I don't think this is valid.
You go from this:
file = rcu_dereference_raw(*f);
if (!file)
return NULL;
if (unlikely(!atomic_long_inc_not_zero(&file->f_count)))
return ERR_PTR(-EAGAIN);
file_reloaded = rcu_dereference_raw(*f);
to this:
file = rcu_dereference_raw(*f);
if (!file)
return NULL;
if (unlikely(!rcuref_long_get(&file->f_count)))
return ERR_PTR(-EAGAIN);
file_reloaded = smp_load_acquire(f);
and the thing is, that rcuref_long_get() had better be a *full* memory barrier.
The smp_load_acquire() does absolutely nothing: it means that the load
will be done before *subsequent* memory operations. But it is not a
barrier to preceding memory operations.
So if rcuref_long_get() isn't ordered (and you made it relaxed, the
same way the existing rcuref_get() is), the CPU can basically move
that down past the smp_load_acquire(), so the code actually
effectively turns into this:
file = rcu_dereference_raw(*f);
if (!file)
return NULL;
file_reloaded = smp_load_acquire(f);
if (unlikely(!rcuref_long_get(&file->f_count)))
return ERR_PTR(-EAGAIN);
and now the "file_reloaded" thing is completely pointless.
Of course, you will never *see* this on x86, because all atomics are
always full memory barriers on x86, so when you test this all on that
noce 256-thread CPU, it all works fine. Because on x86, the "relaxed"
memory ordering isn't.
So no. You can't use atomic_long_add_negative_relaxed() in the file
handling, because it really does require a proper memory barrier.
Now, I do think that replacing the cmpxchg loop with
atomic_long_add_negative() is a good idea.

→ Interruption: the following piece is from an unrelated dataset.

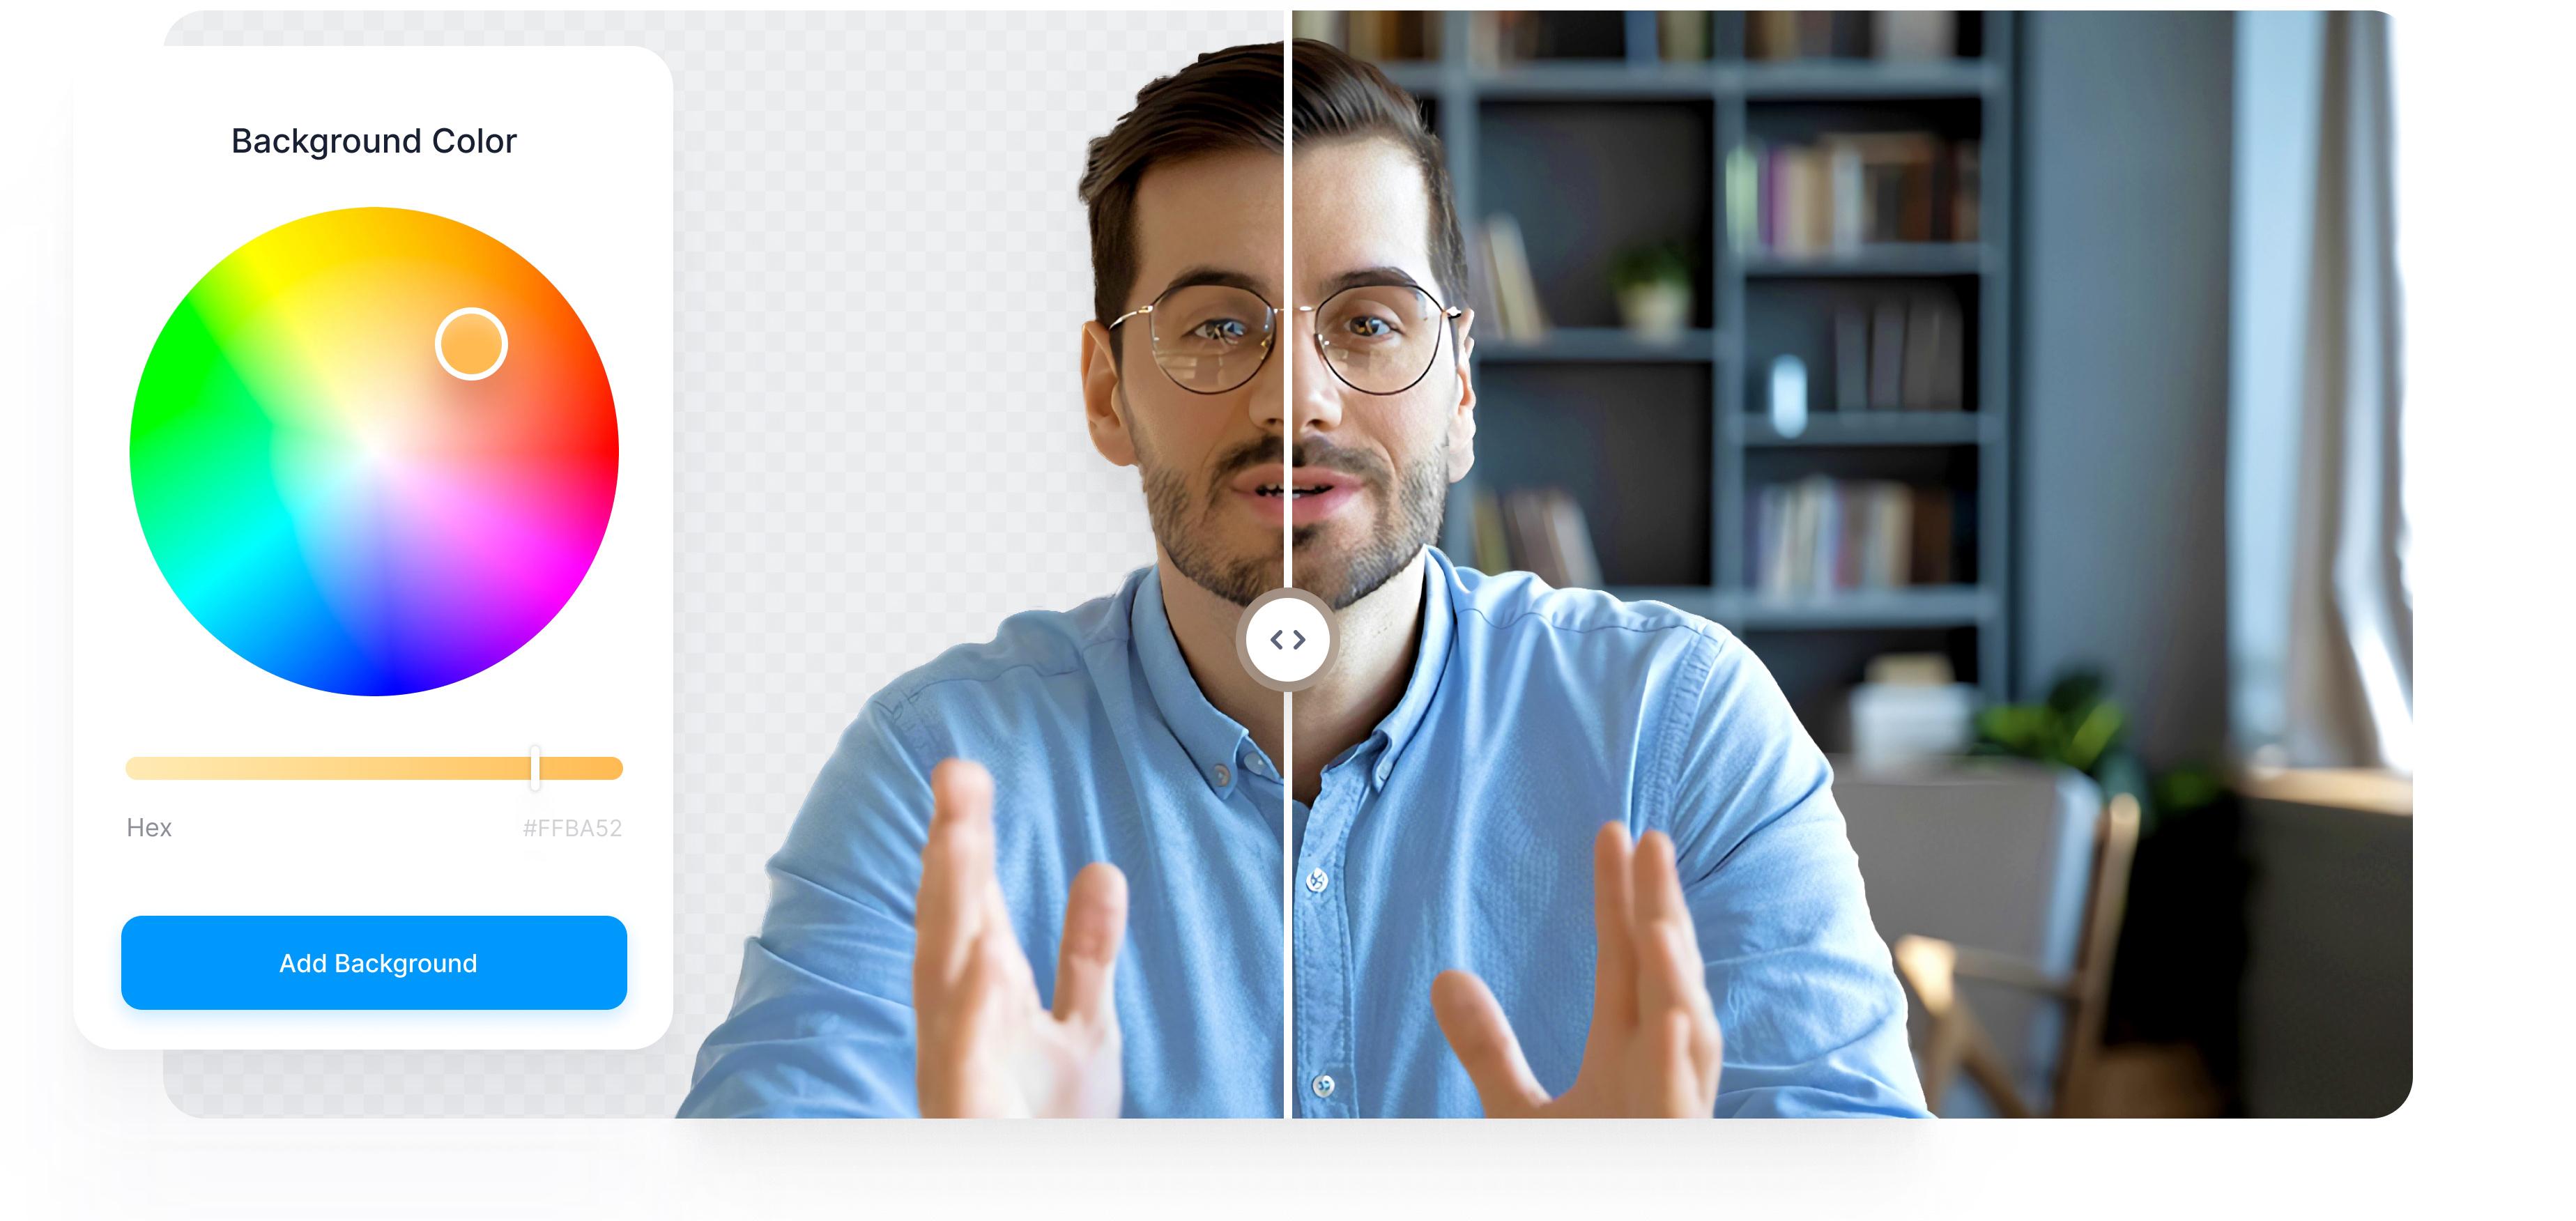 Webcam Remove Background

But you can't do it this way, and you can't use the RCUREF logic and
just extend it to the file ref.
I would suggest you take that whole "rcuref_long_get()" code and *not*
try to make it look like the rcuref code, but instead make it
explicitly just about the file counting. Because the file counting
really does have these special rules.
Also, honestly, the only reason the file counting is using a "long" is
because the code does *NOT* do overflow checking. But once you start
looking at the sign and do conditional increments, you can actually
just make the whole refcount be a "int" instead, and make "struct
file" potentially smaller.
And yes, that requires that people who get a file() will fail when the
file count goes negative, but that's *good*.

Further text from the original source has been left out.